• _DIRECTIONS FOR THIS TASK_
Your task is to filter the entries and copy every line containing the string "Photo".

• _PROVIDED DATA_
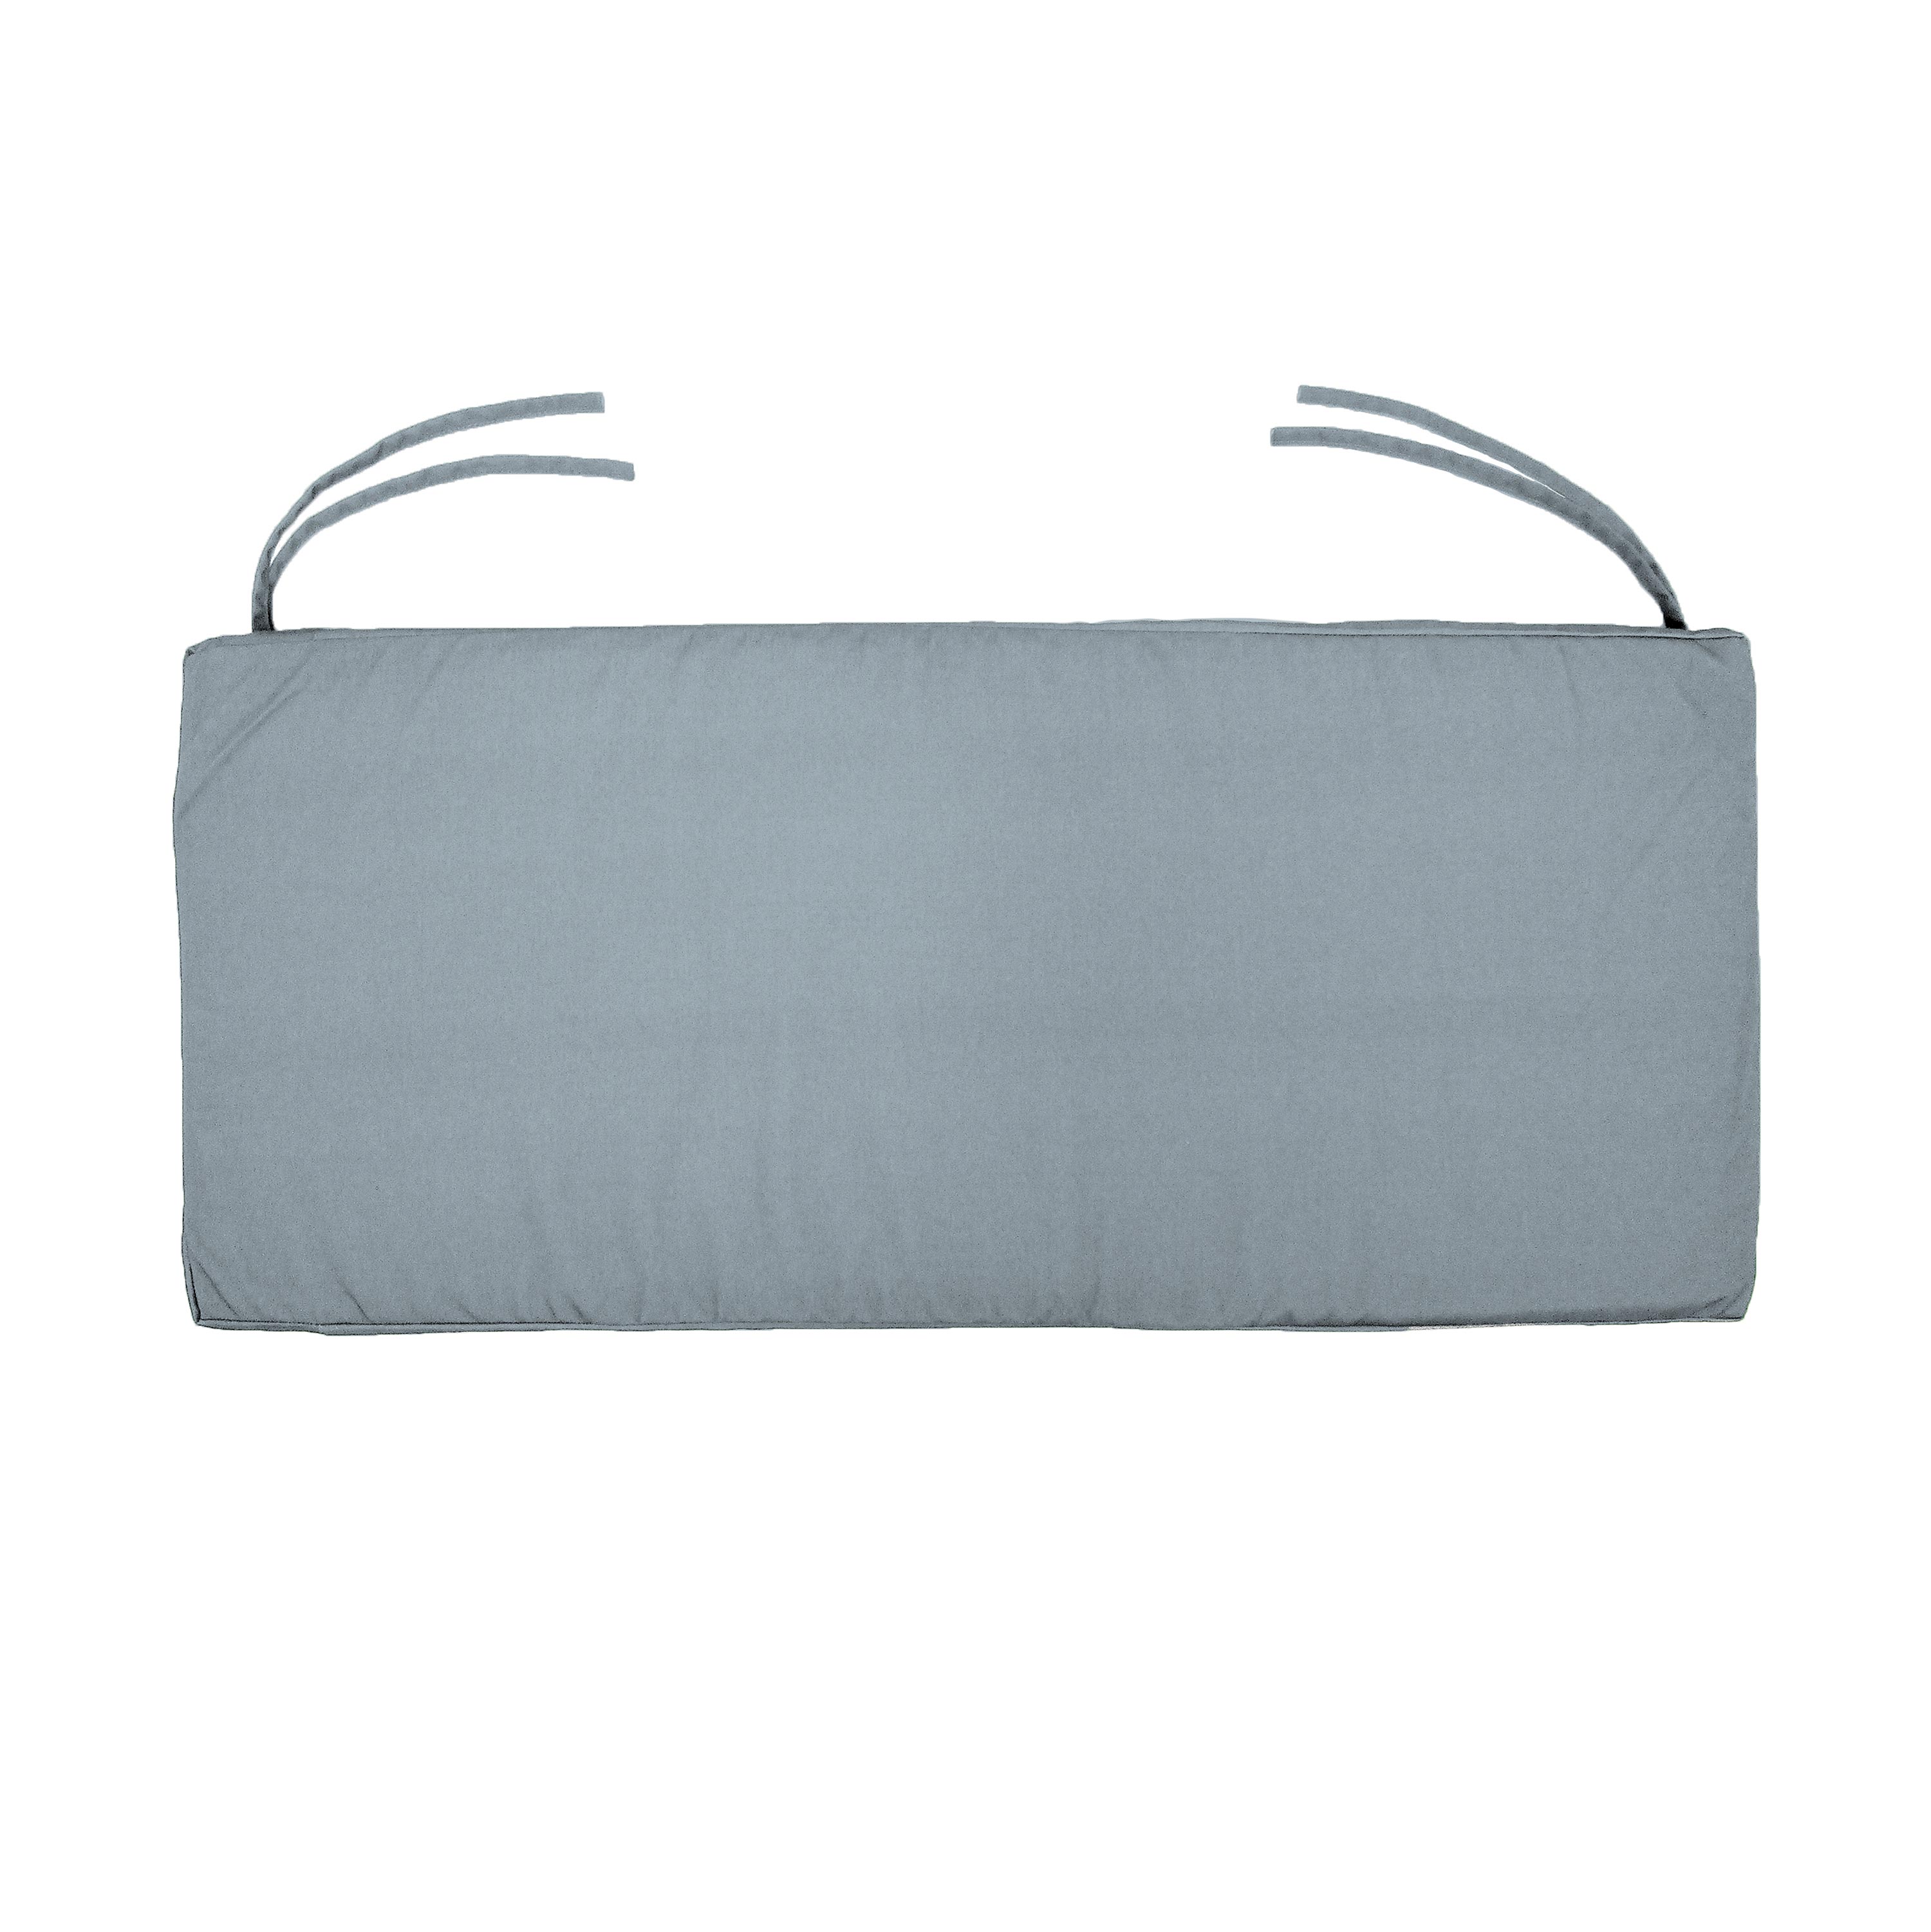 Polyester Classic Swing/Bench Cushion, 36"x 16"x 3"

--

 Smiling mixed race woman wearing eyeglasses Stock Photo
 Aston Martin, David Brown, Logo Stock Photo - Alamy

* * *

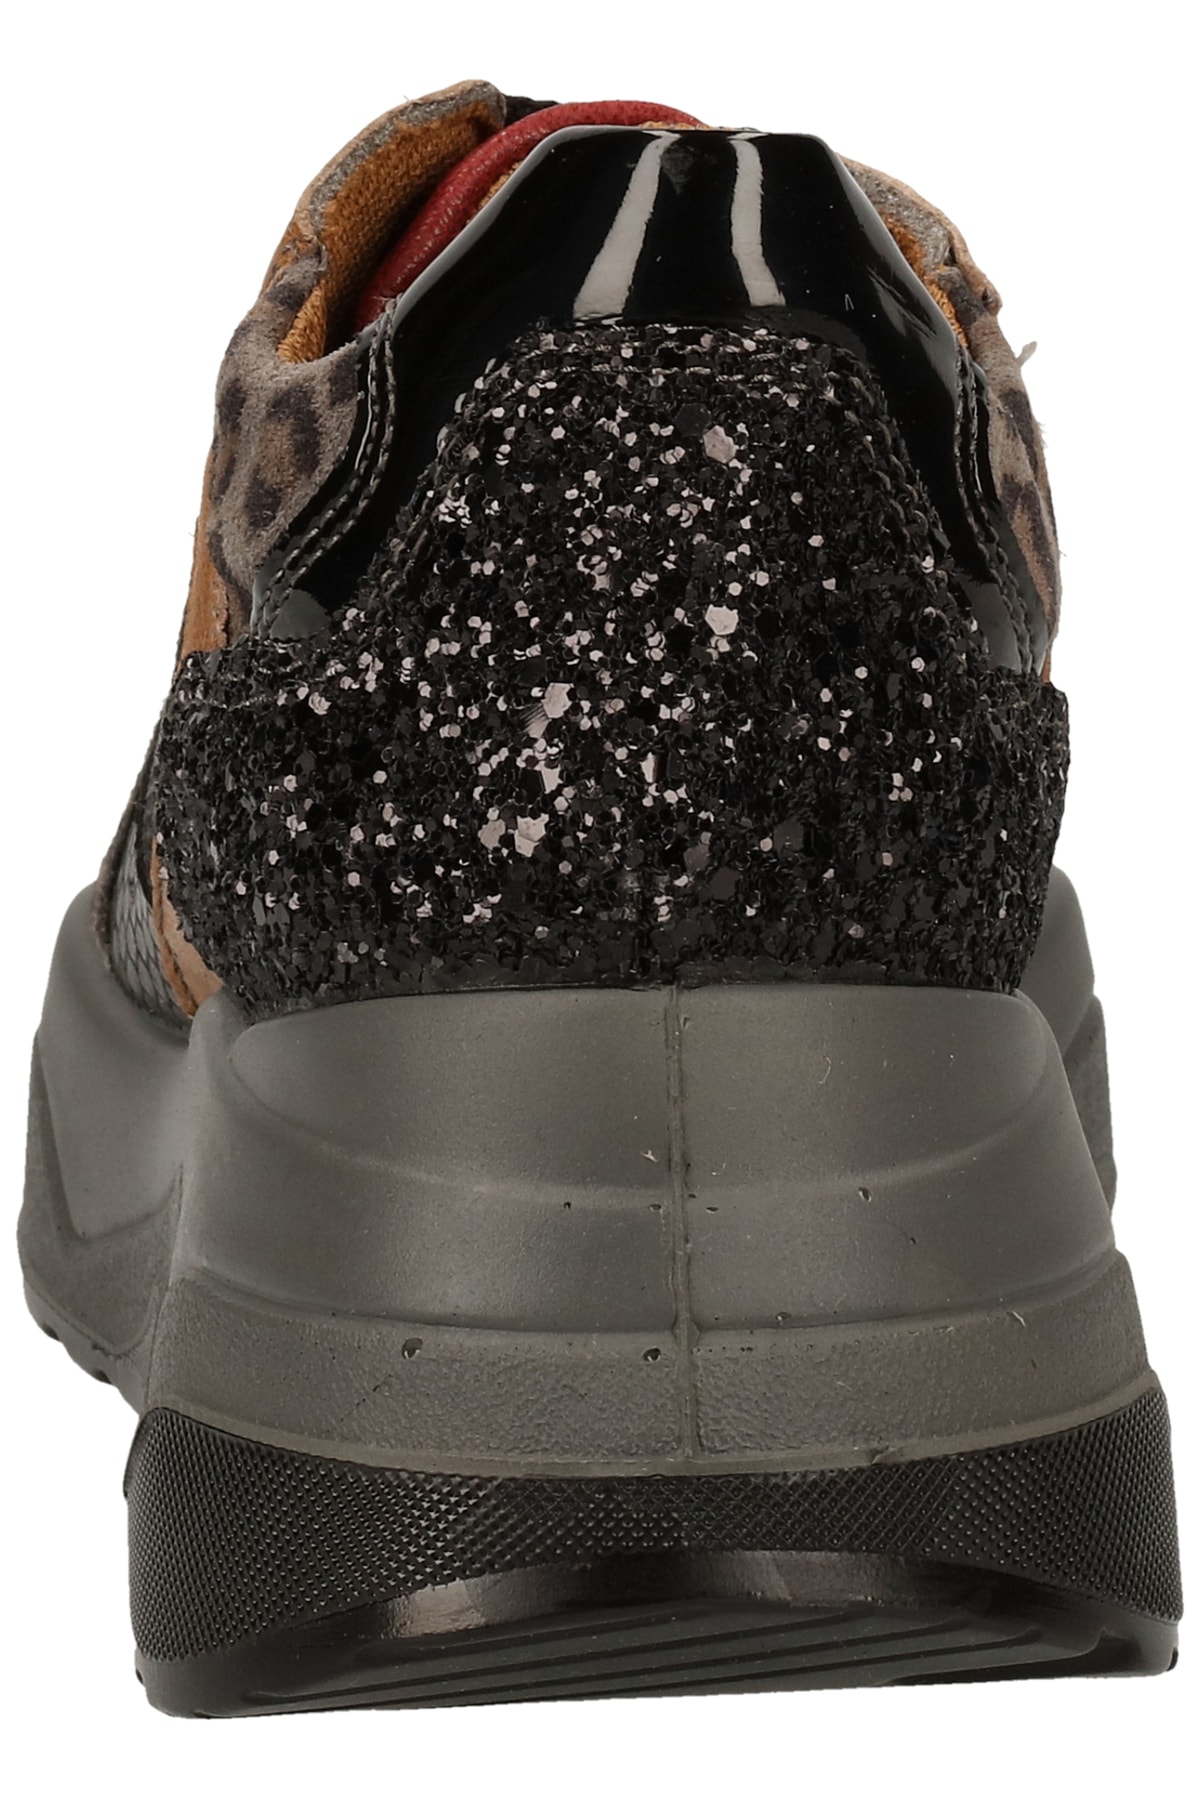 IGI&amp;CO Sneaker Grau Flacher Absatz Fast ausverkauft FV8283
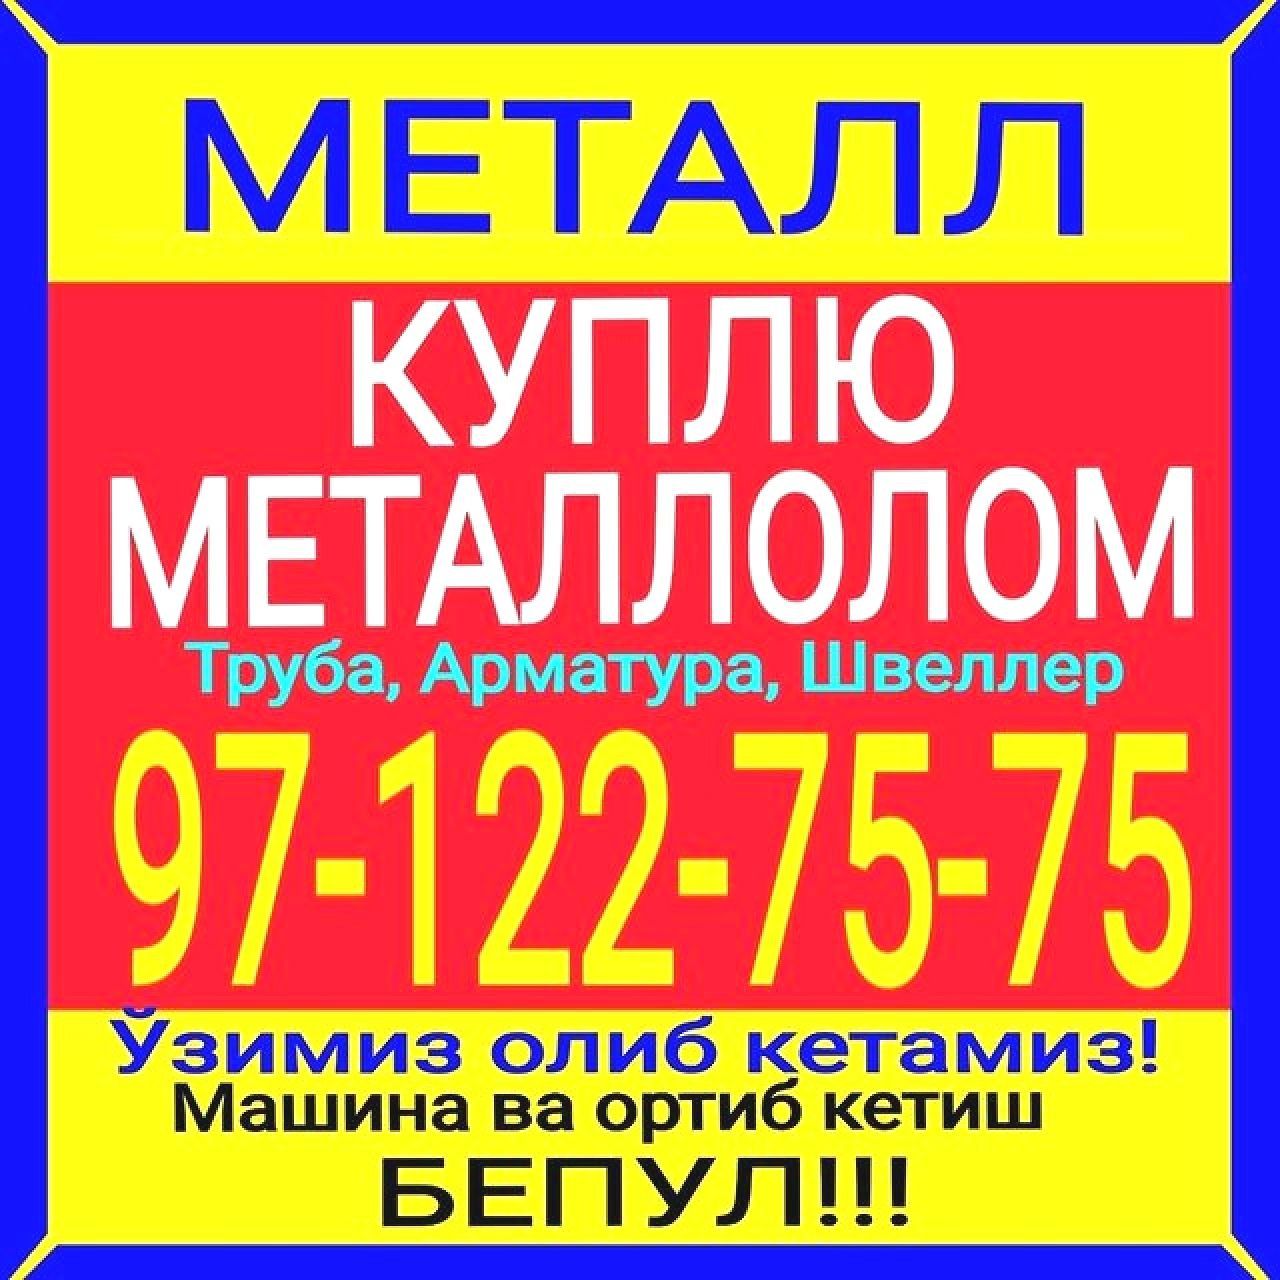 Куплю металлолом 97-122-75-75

• _ANSWER FOR THIS EXERCISE_
 Smiling mixed race woman wearing eyeglasses Stock Photo
 Aston Martin, David Brown, Logo Stock Photo - Alamy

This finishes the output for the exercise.